Prior to the announcement by the Bank of England, there was a majority bullish sentiment for the pound, although buy orders decreased by several percentage points. The GBP/USD currency pair traded between 1.5339 and 1.5476 on 10 September, and GBP has been appreciating since September 7 when it was trading at 1.5194 to the dollar.
Presently the right short-term trading decision would be a call option on GBP based on prevailing trader sentiment. That only one hawk voted in favour of raising interest rates is important, as a greater number would certainly have generated more GBP demand. It will be interesting to see if the 8-1 ratio changes by the next meeting.
Bank rate projections
Economic growth prospects in the UK will determine which way the MPC will move in the coming months. It is clear that the labour market and general economic growth is strong in the UK; however poor PMI data in services and manufacturing is quite alarming.

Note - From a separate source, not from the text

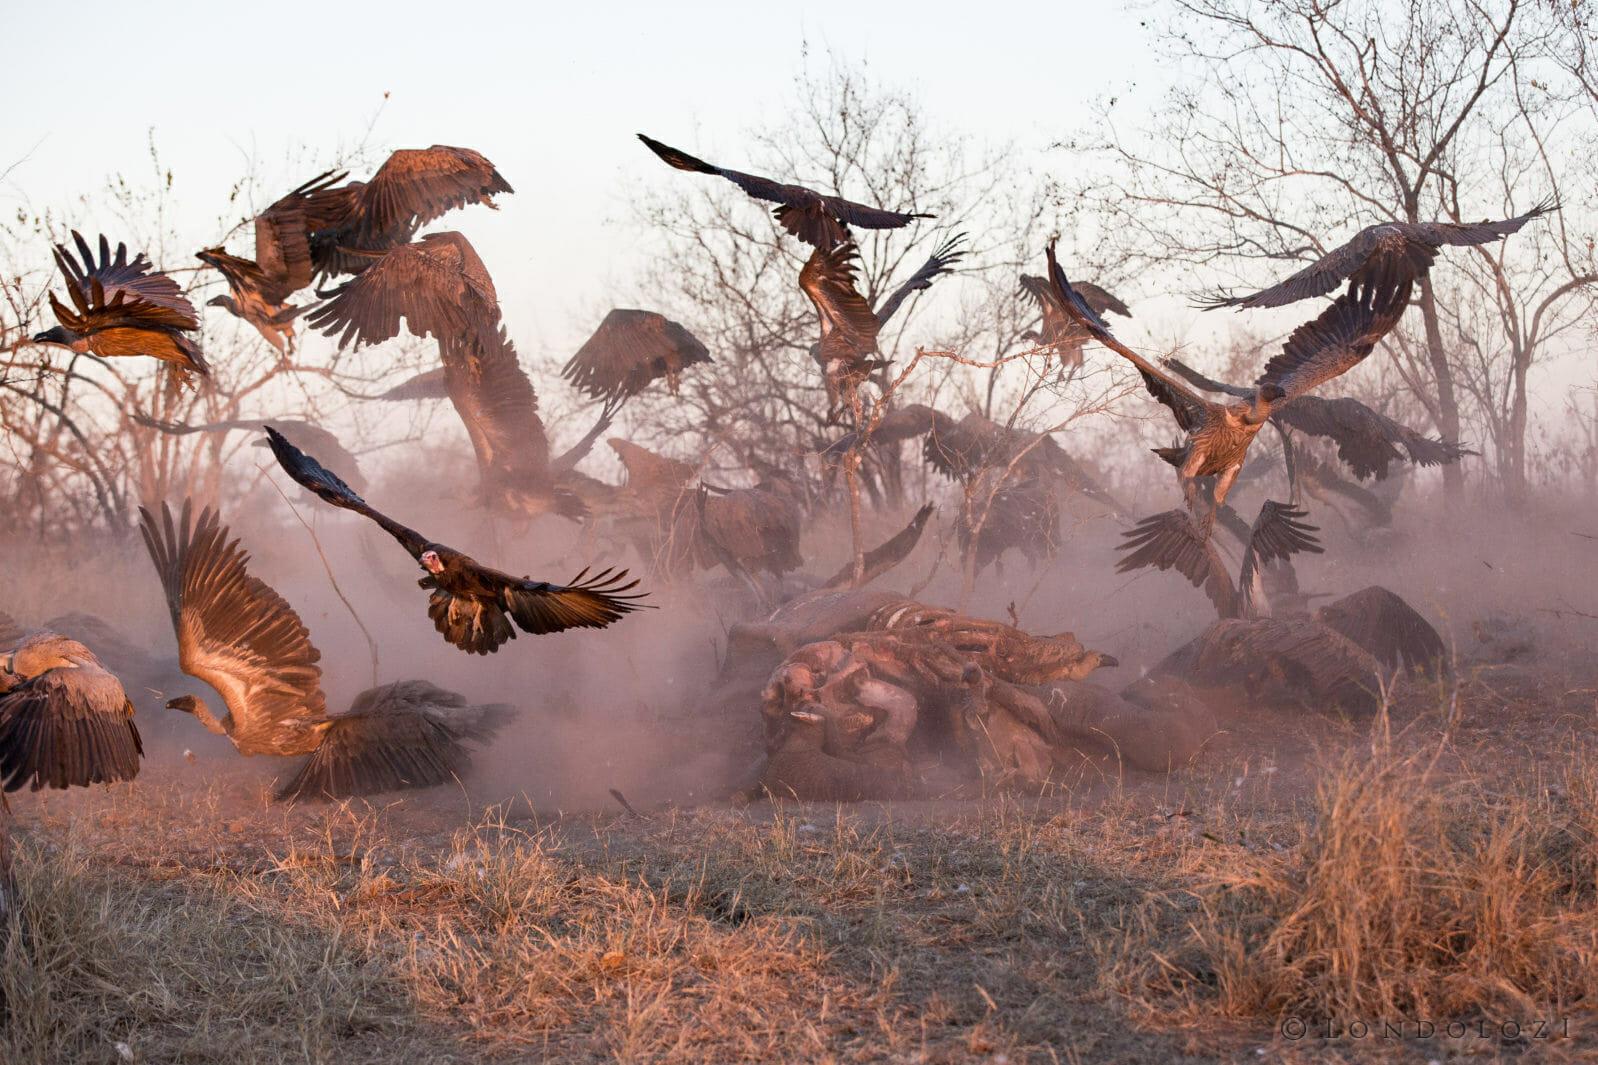 Vultures Scatter

The more pressing concern is how China will emerge from its current quagmire and how commodities prices and emerging market economies will react to decreased demand from the world’s second-largest economy. The likelihood of higher interest rates in the UK remains the shared opinion of analysts. Within a year a rate of 1.25% is expected, and thereafter an increase to 2% for 2017 and perhaps 2.5% by 2018.